Your output should be the lines from the one containing "Cheerfulness is a" through the last line below, both ends included, exactly as written and free of pictures.

* [SOURCE DATA]:
___

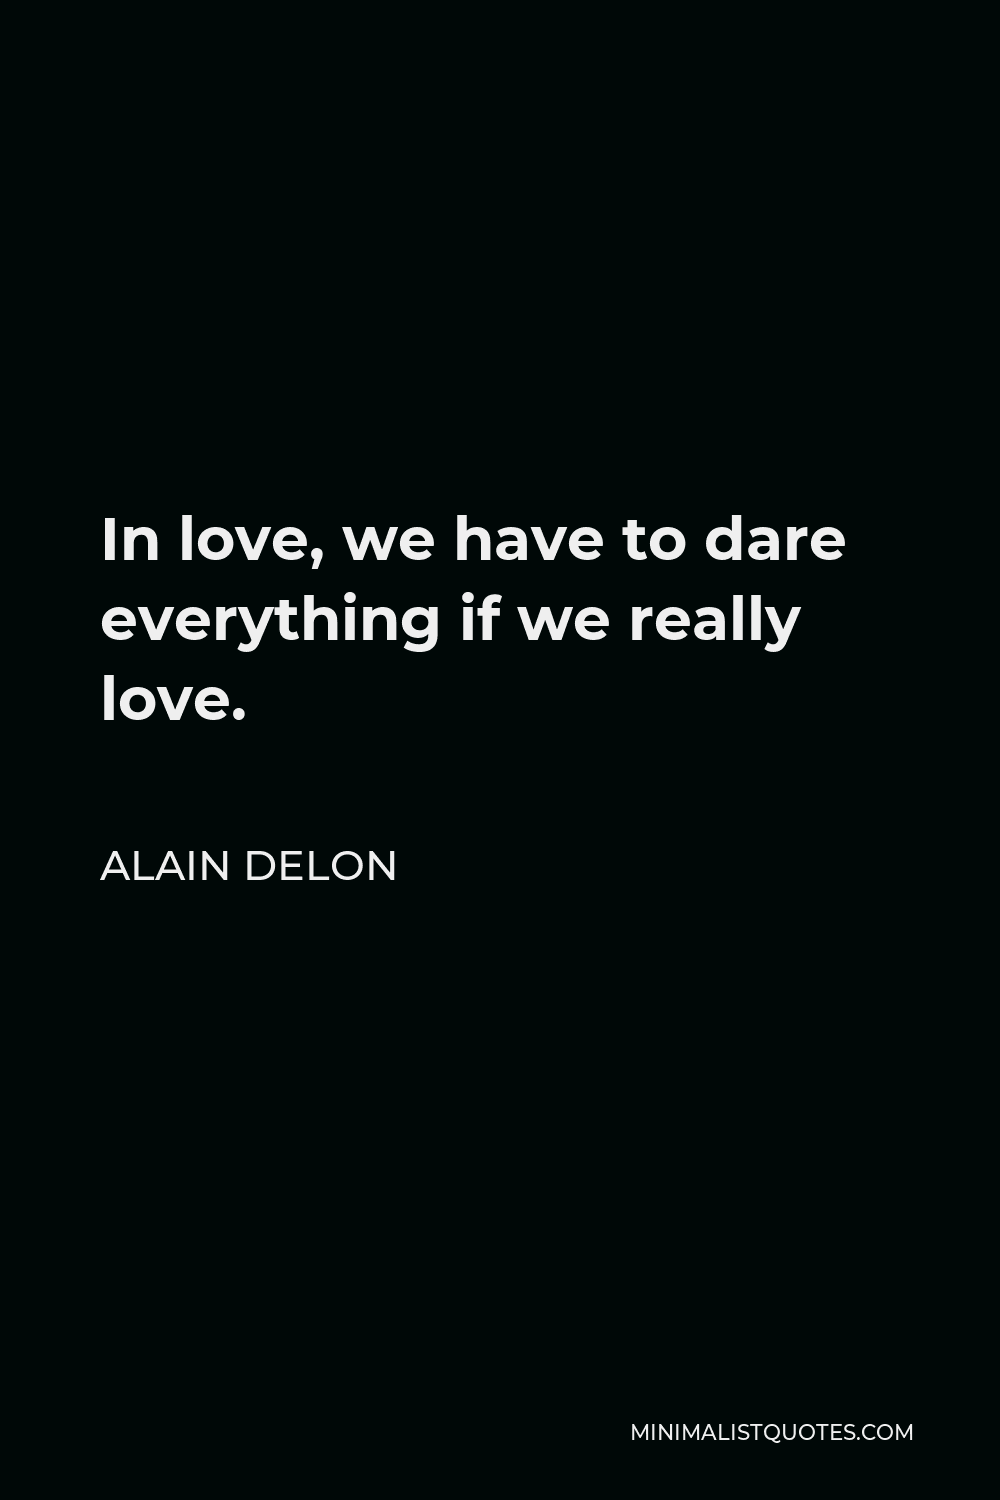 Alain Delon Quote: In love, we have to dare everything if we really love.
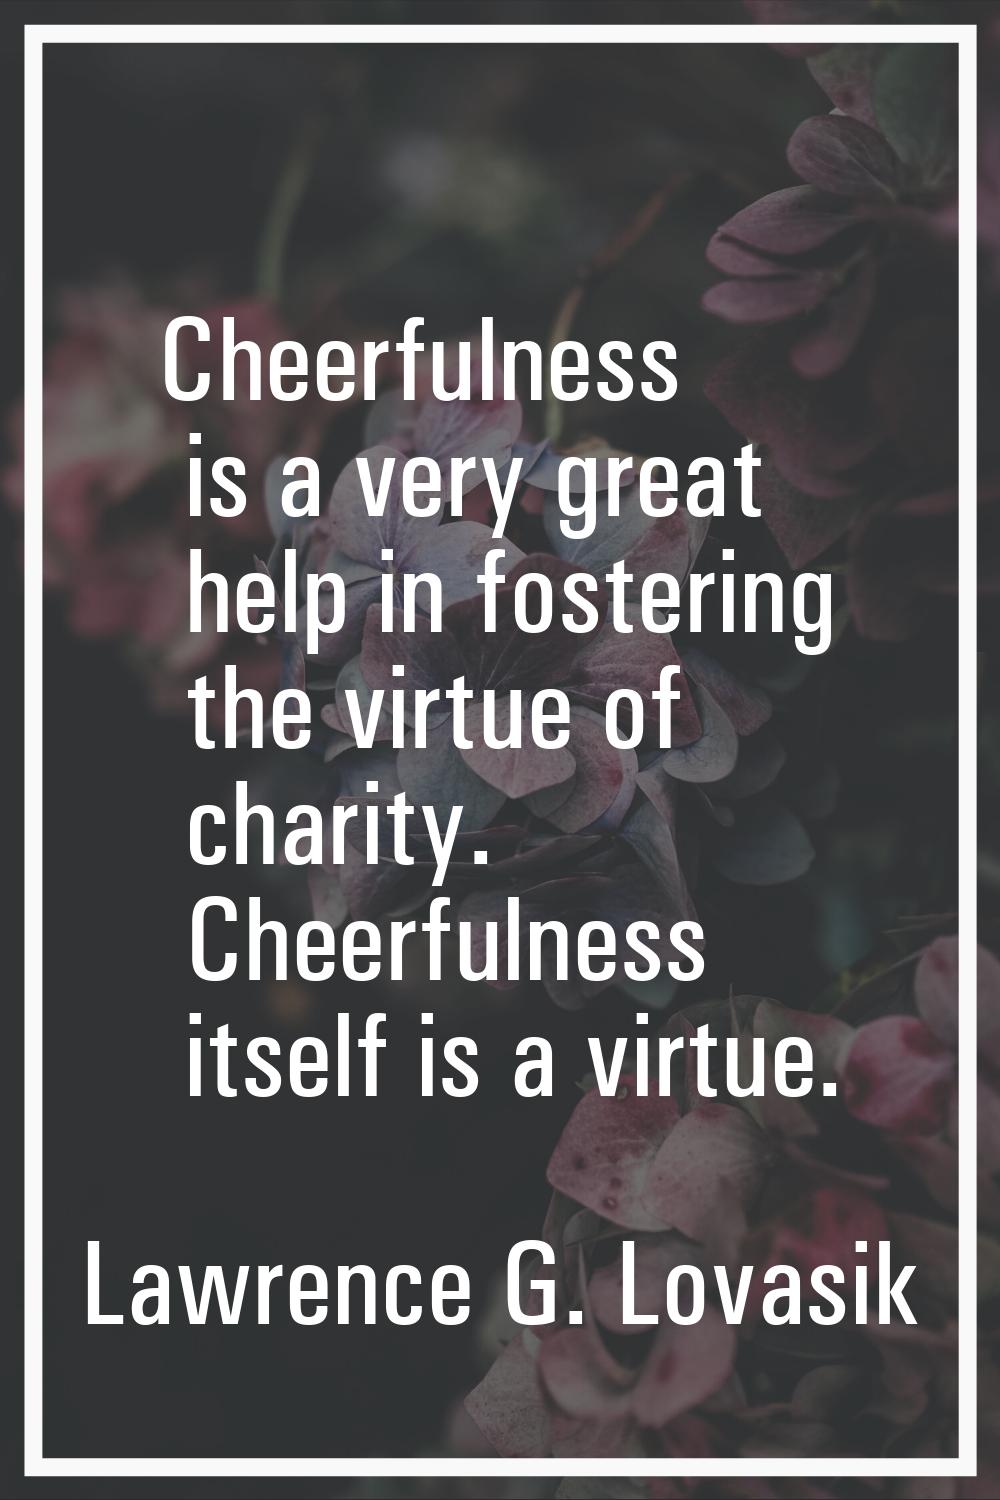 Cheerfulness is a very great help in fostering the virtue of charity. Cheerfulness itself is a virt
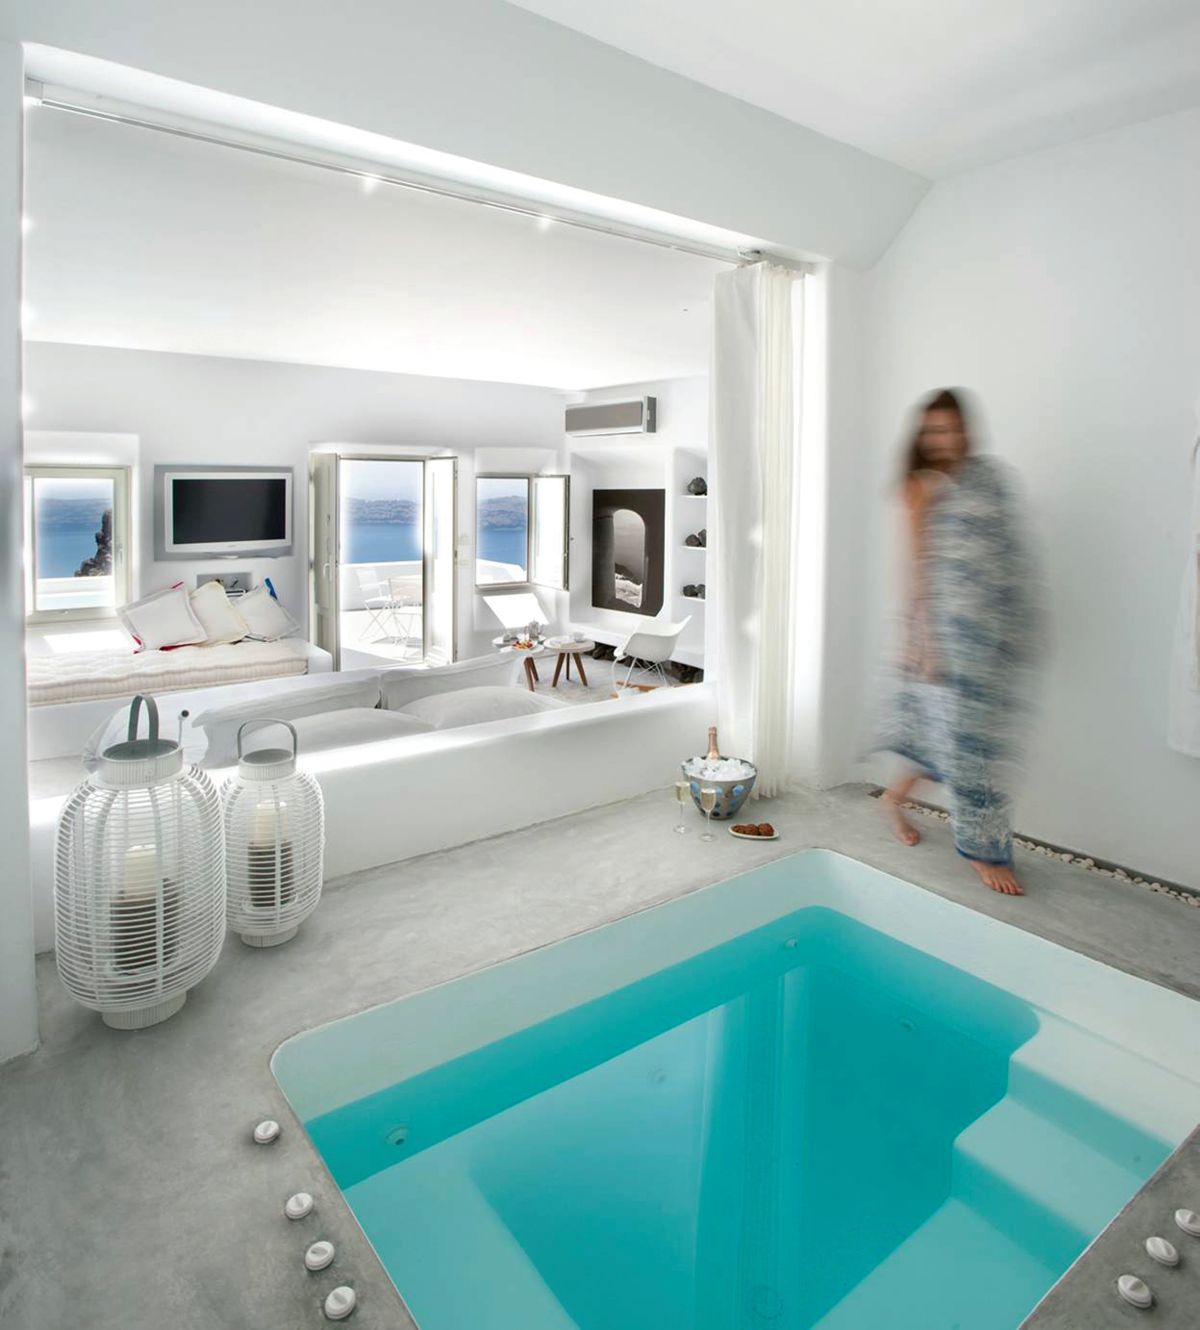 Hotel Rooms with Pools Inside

___

* [TASK OUTPUT]:
 Cheerfulness is a very great help in fostering the virtue of charity. Cheerfulness itself is a virt
 Hotel Rooms with Pools Inside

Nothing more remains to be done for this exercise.